I didn't change the model, only rewritten it with templates to
reduce branch count and improve compiler optimizations.
> Maybe, with ideas like multi-threaded entropy coder we catching the fleas...
???
fpaq0p4B can be made faster by multi-threading, if you meant that.
Thats a totally different direction from my optimizations.
Black_Fox wrote:
> Can this improved coder be integrated into LPAQ?
Most of fpaq0pv3->fpaq0pv4B optimizations should be applicable.
hi shelwien,
so tested different file access modes and it turned out the speed of posix vs win native unter windows is about 99% equal... and thats why i would go portable and use posix then... besides these two modes there is the memorymap mode... ist very easy to program but not faster... and the last mode is the async io... this is where you can realy gain advantage! but its much code to write for file operation then... and you have to do some threading by hand to fully gain from it.
why? just process file in blocks and make some function for management. asynchronous io is somewhat similiar to triple- buffered graphics output.Originally Posted by eugene
Shelwien
I meant that MT is too heavy for simple entropy coder. Also, it is possible that RC not needs in such heavy stuff.

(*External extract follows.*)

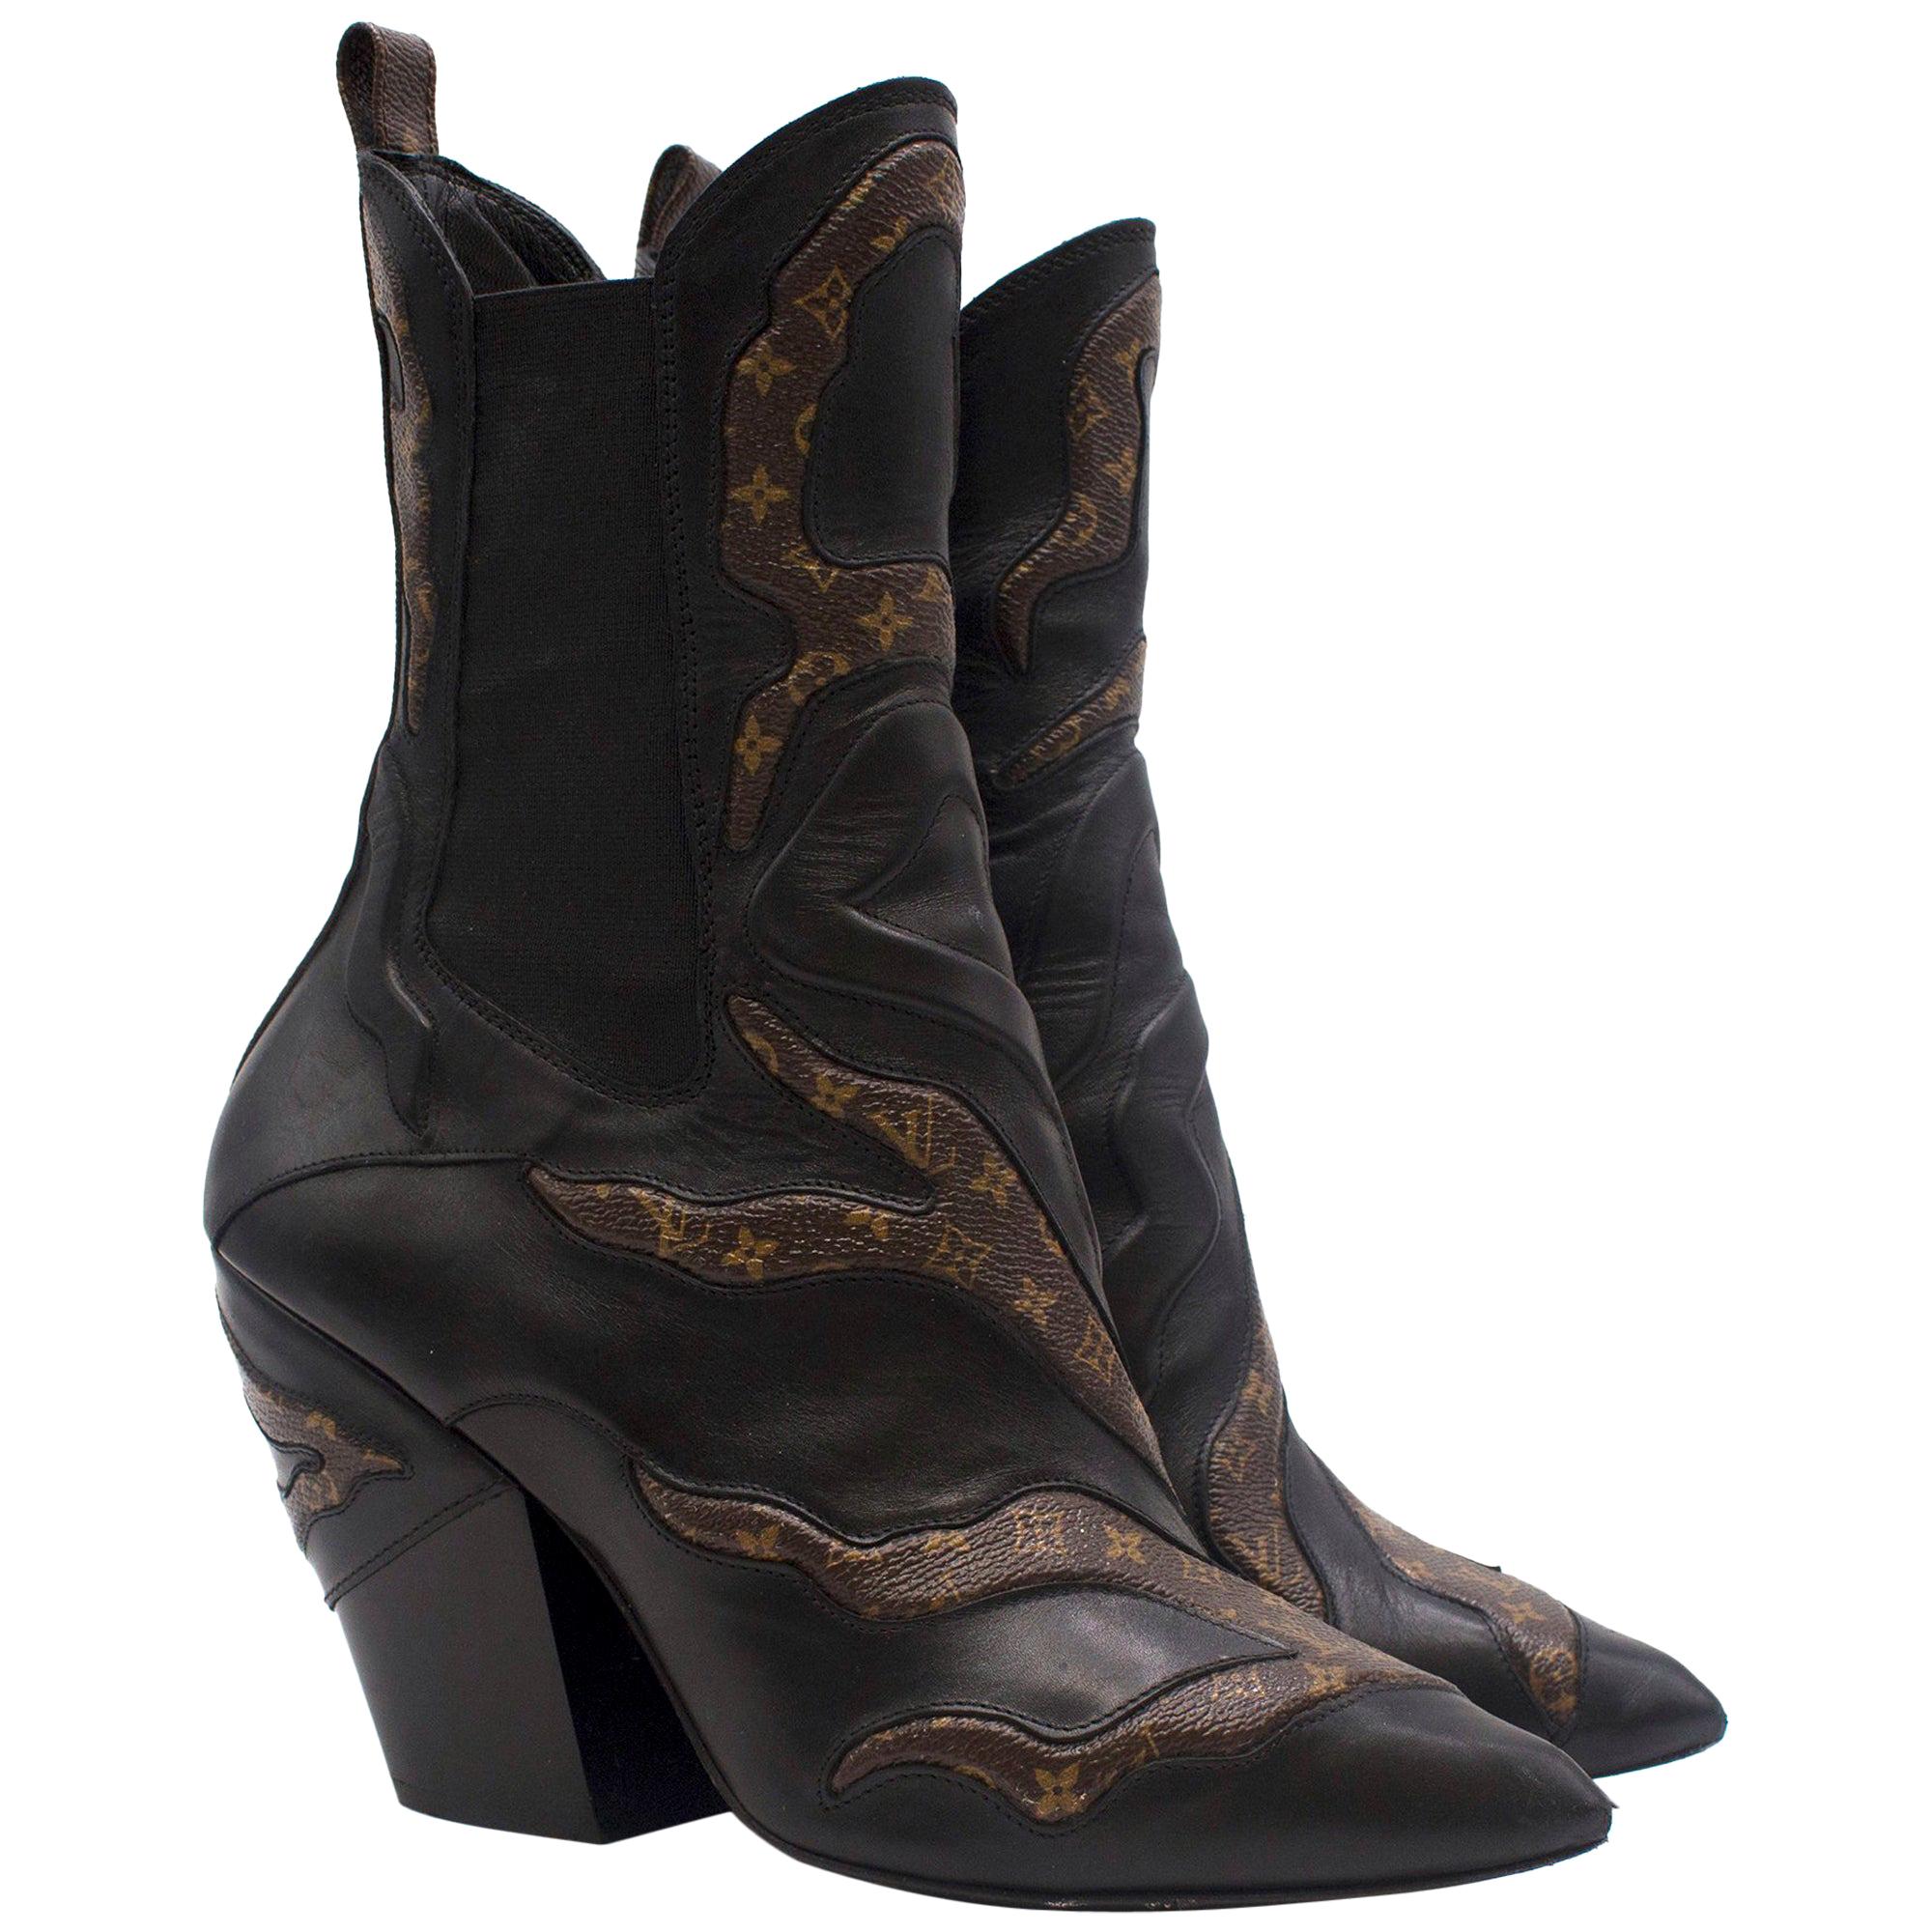 Louis Vuitton, Shoes, New Louis Vuitton Leather Fireball Western Boots  Size 38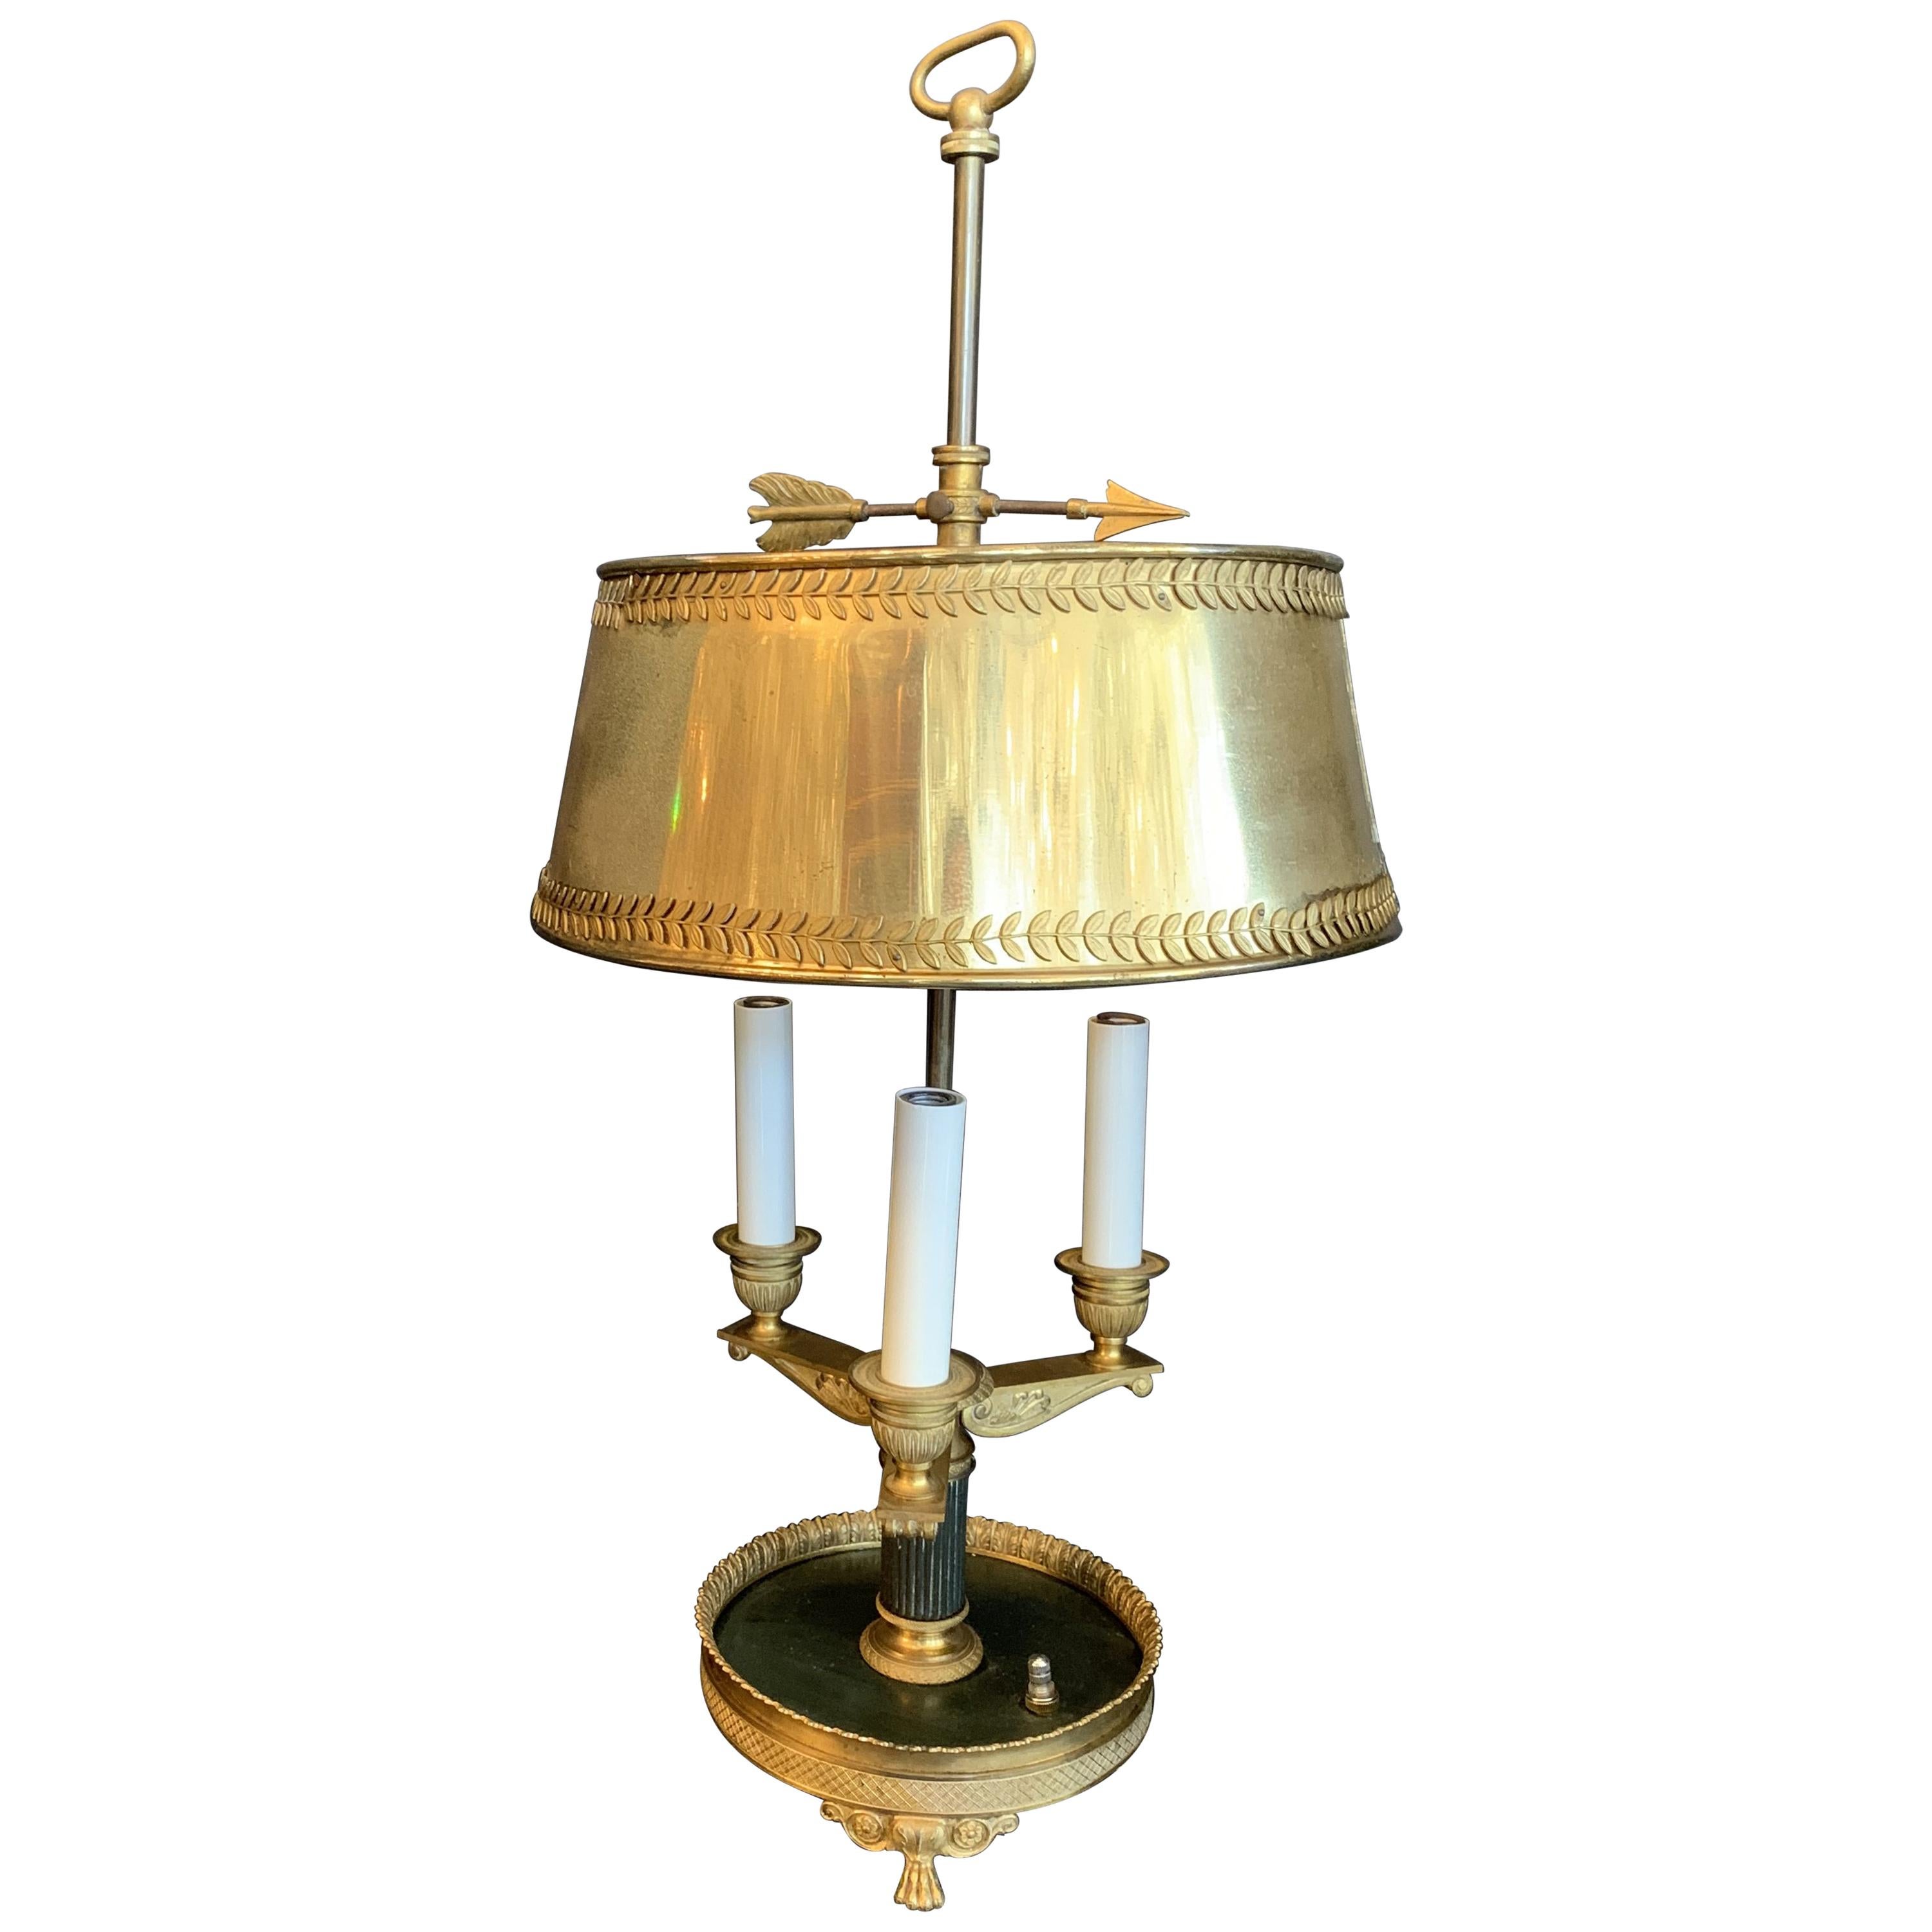 Wonderful French Empire Neoclassical Regency Bronze Patinated Bouillotte Lamp

According to results you did a nice coder! I will do an additional test with RC with carry on my BALZ - since we deal with asymmetric things here.![]()
At the same time, comparing to pure FPAQ0P is not fair since you also improved other things like better EOF coding - no need in extra bit coding per each byte, plus you changed the I/O routines, and so on. So, 2X speed up is not only gained by the better RC as itself.
![]()
The effect from bytewise eof removal was surprisingly small - only ~0.3s in my tests.
Also i/o replacement wasn't that good either - well, it was for intel compiles, but v3 as a gcc prof_gen build was quite ok even with getc/putc.
So what really helped was branch merging, model structure changes, removal of bit extraction/combining and other simplifications... and rc replacement.